Shees, that's a lot of $$ for a drill bit, it should be self drilling for that price. I'm thinking you must have got a defective one, or you had your lathe in reverse....

Reactions: Funny 1


----------



## duncsuss (Nov 5, 2015)

You might get good information from the folks at Craft Supplies USA -- I think several folks there are turners, they might know if these are shipped sharp and/or how to sharpen them yourself.


----------



## Kevin (Nov 5, 2015)

David you can make a longer bit by brazing or welding your favorite style bit onto a length of steel. I made a 13' (yes 13 foot) drill bit for a timber framer one time. That was taking it to the extreme but all I did was weld the bit onto a 12' section of 3/4" black pipe and welded the hex portion of the bit to one end and the cutting head with the other half shaft to the other end. You can do this on a much smaller scale - the critical part is getting everything lined up perfectly.


----------



## kweinert (Nov 5, 2015)

Kevin said:


> I made a 13' (yes 13 foot) drill bit



This was to make a lamp from that tree you felled with the 20 foot chainsaw blade, right?

Reactions: Funny 2


----------



## Kevin (Nov 5, 2015)

kweinert said:


> This was to make a lamp from that tree you felled with the 20 foot chainsaw blade, right?
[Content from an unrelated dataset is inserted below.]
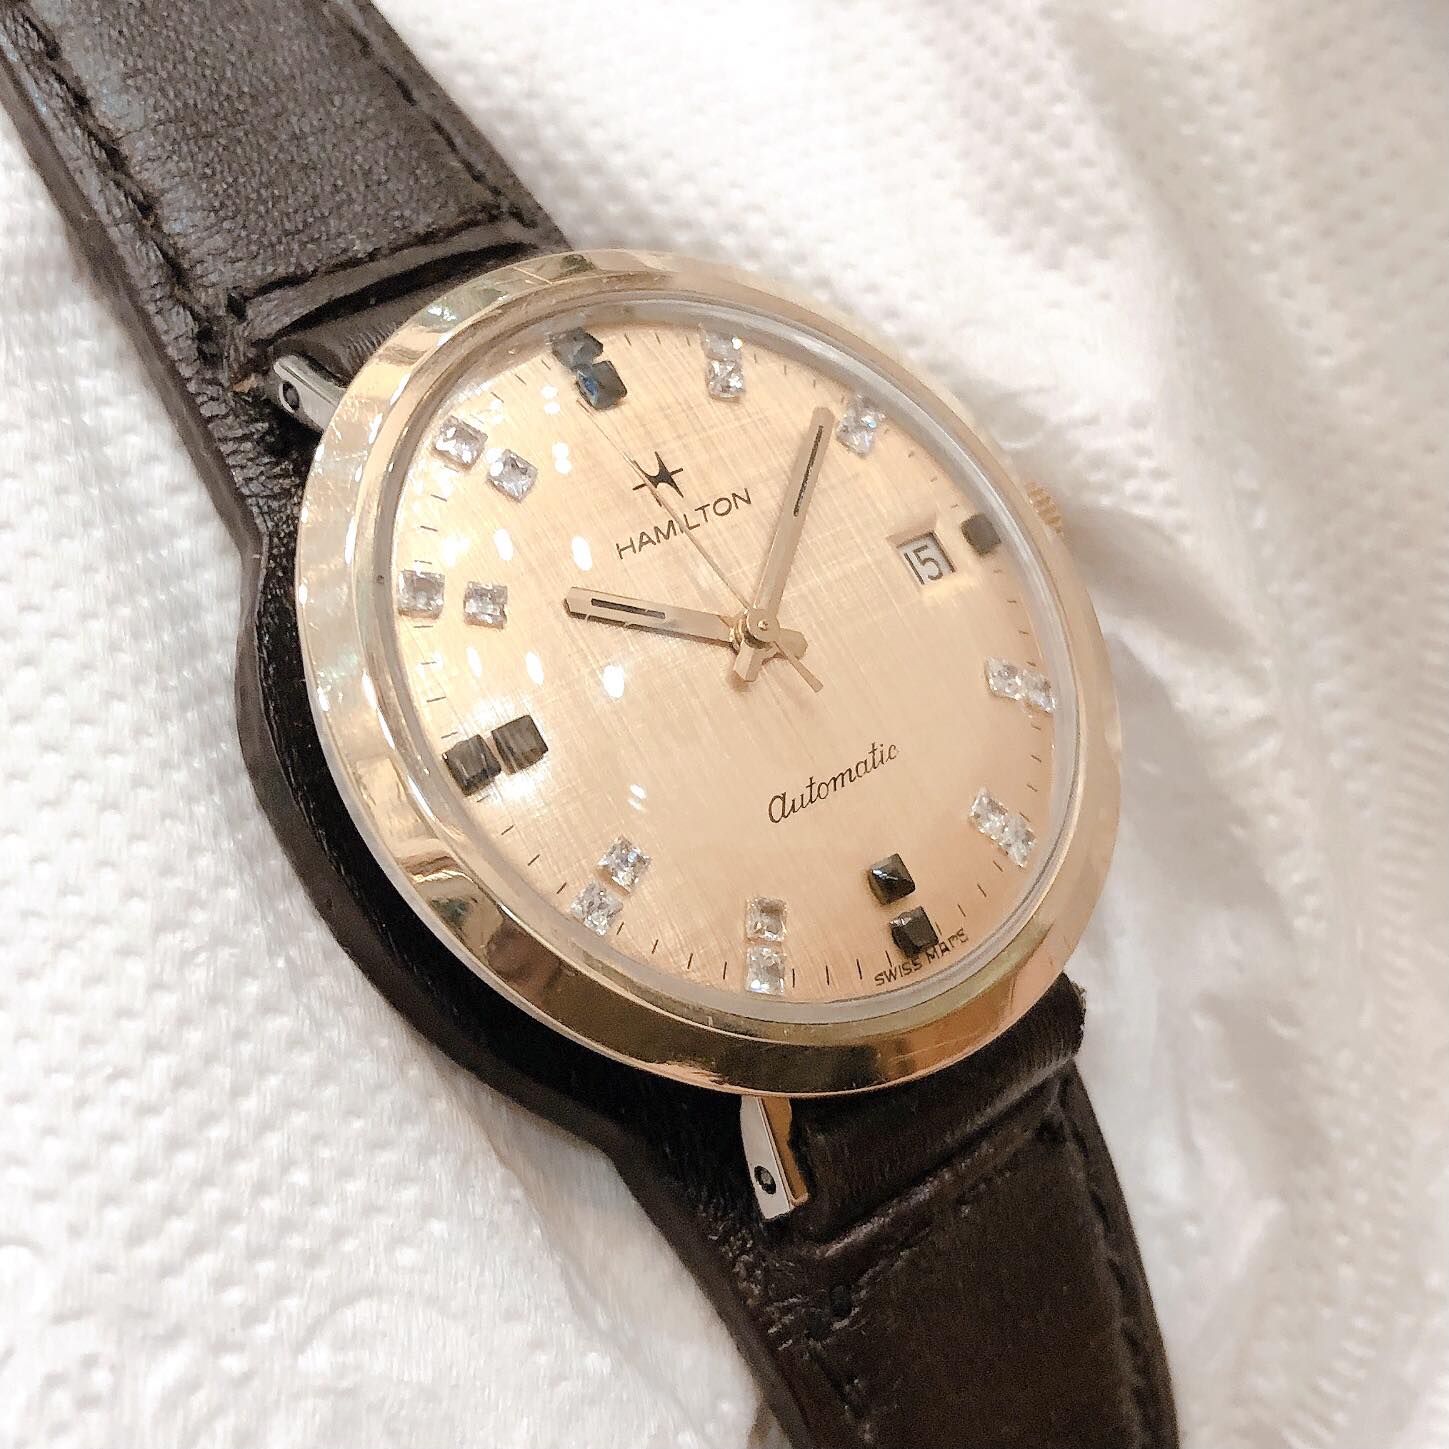 Đồng hồ cổ Hamilton Automatic DMI chính hãng thuỵ sỹ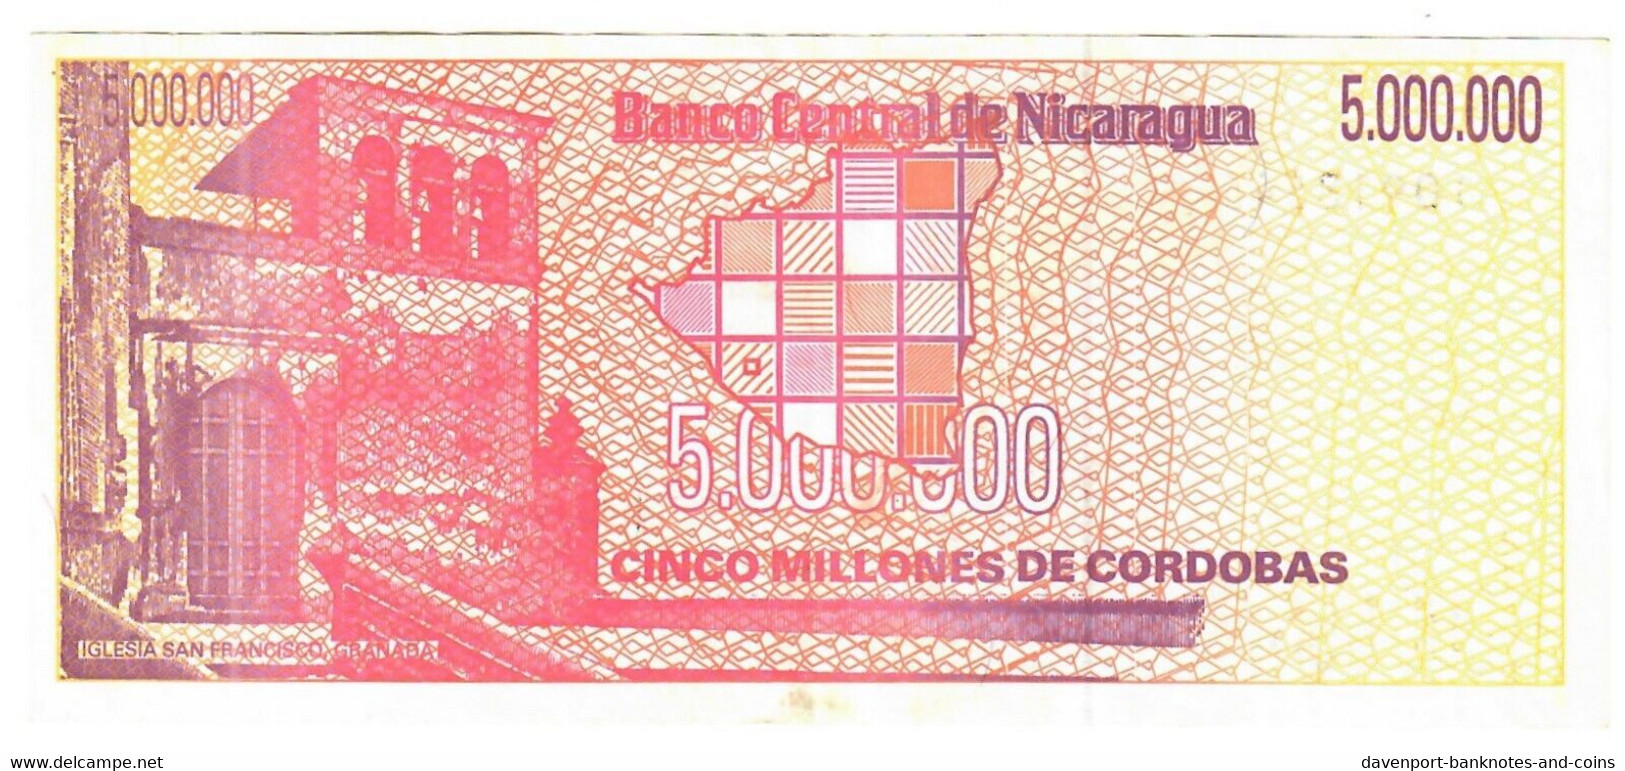 Nicaragua 5000000 Cordobas 1990 EF - Saudi Arabia

Actually was for running electrical up to a second story in Troy Aikmen's hunting cabin in east Texas but it could have worked for a lamp lol.


----------



## Graybeard (Nov 6, 2015)

Who is Troy Aikmen? lol

Ya well, since I got it I've quit drinkin and bowling on Tuesday nights. 

I've never seen a bit sharpened this way, anyone know the history of it, or the why?


----------